WICHITA, Kan. (AP) — Kansas Secretary of State Kris Kobach has no legal right to bar voters who use a federal form to register from casting ballots in local and state elections, a judge ruled Friday.
The summary judgment in Shawnee County District Court came in a lawsuit in which two Kansas voters challenged the so-called “dual registration” system for voters, where those who register to vote using a federal form — which doesn’t require voters to show proof of U.S. citizenship — may only vote in federal races. Voters may only cast ballots in state and local races if they register using the state form, which requires proof of citizenship.
The court found the right to vote under current Kansas law is not tied to the method of registration.
Since January 2013, Kansas has required new voters to show proof of citizenship to register to vote. Kobach later lost a federal lawsuit he brought seeking to force the U.S. election officials to change the federal registration form to require citizenship documentation for Kansas residents, and in response, Kobach instituted the dual voting lists, which took effect in 2014.
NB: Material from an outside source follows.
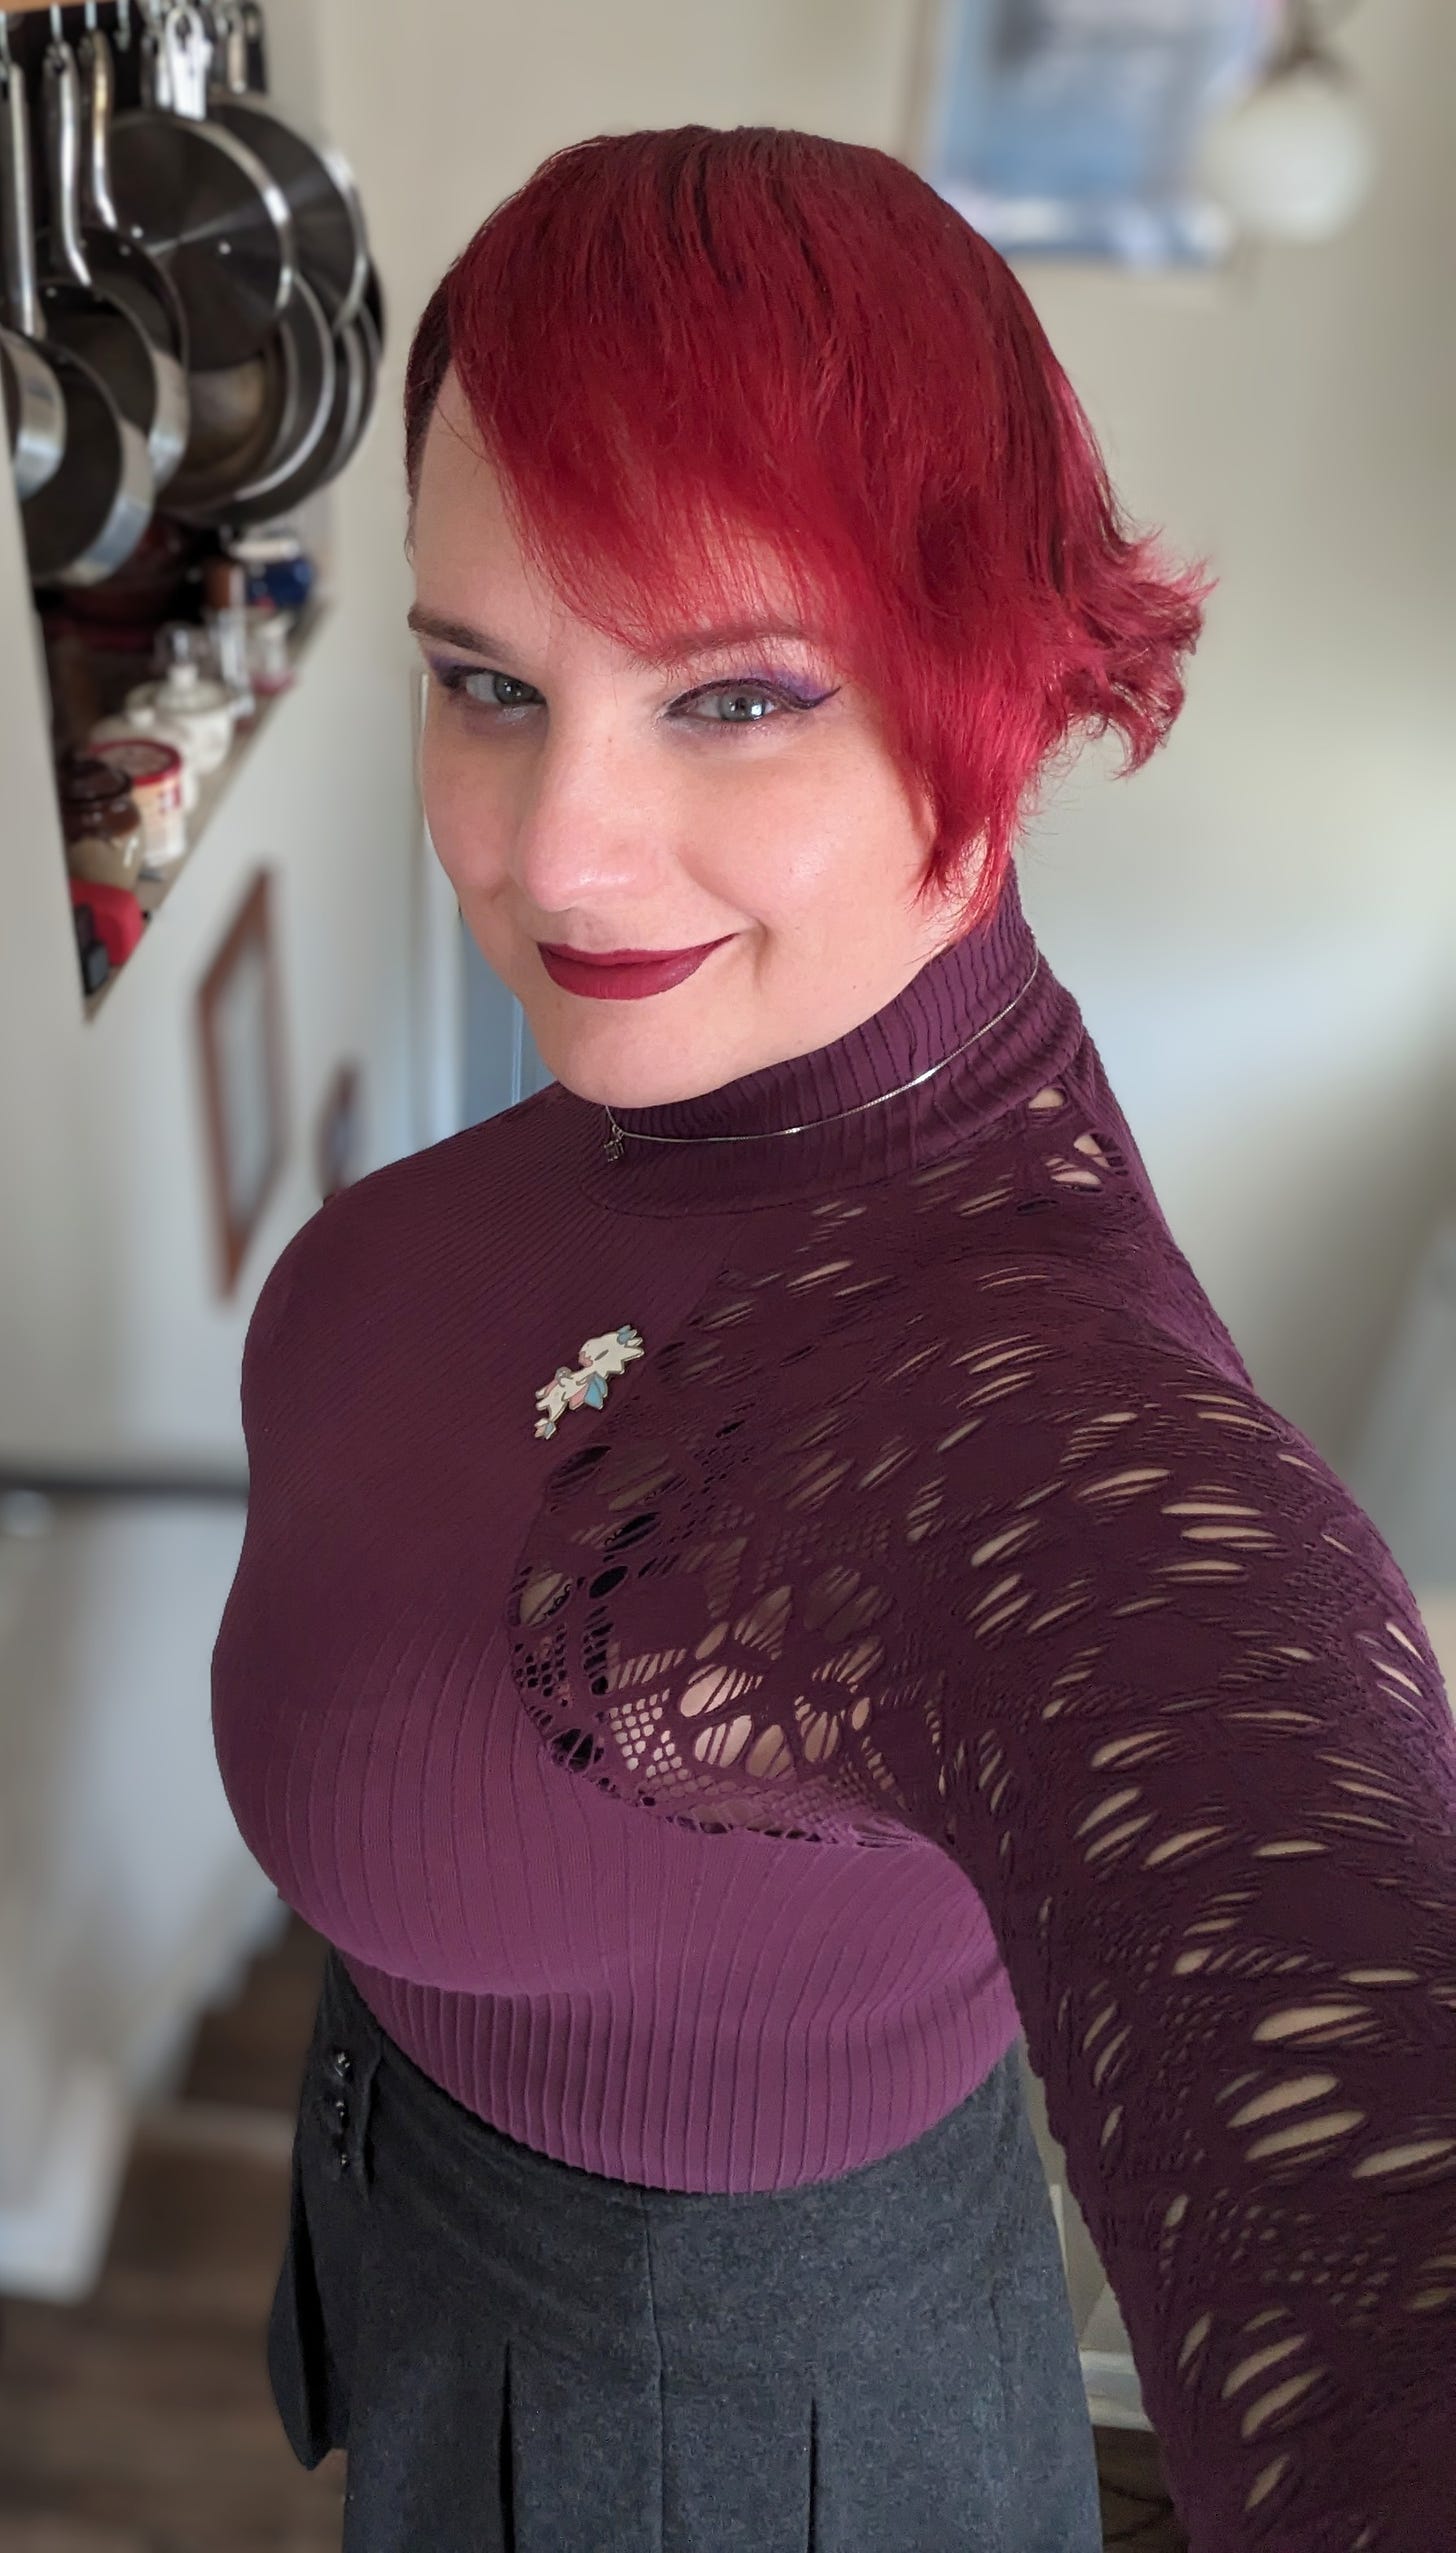 A redhead with a full head of hair, a clear face, and full bosom grins at the camera.

Under the dual voting lists, federally registered voters are given a provisional ballot in Kansas and election officials throw out any votes made in local or state races. The judge separately noted such provisional ballots that Kobach mandated for the federally registered voters violate the secrecy of the ballot, especially in smaller precincts where election officials know their neighbors.
“Clearly no such authority exists at all in the Kansas Secretary of State to encumber the voting process as he has done here,” Judge Franklin Theis wrote.
The court said that Kobach and his deputy, in their effort to enforce their view of the law, overstepped because “the Kansas legislature has yet to pave the way for the implementation of the Secretary’s views,” Theis wrote.
A spokesman for Kobach’s office said Friday they would have no comment on the ruling.
The lawsuit was brought in 2013 on behalf of the two voters by the American Civil Liberties Union. Julie Ebenstein, the ACLU’s Voting Rights Project attorney, said this is the first state court ruling on whether new dual registration system is legal.
She added that if Kobach follows the court’s decision, then other voters in Kansas who registered using the federal form should be able to vote in state and local elections.
Kobach has championed the documentation requirement as a way to prevent non-citizens from voting, particularly immigrants in the U.S. illegally. Critics contend the requirement suppresses turnout.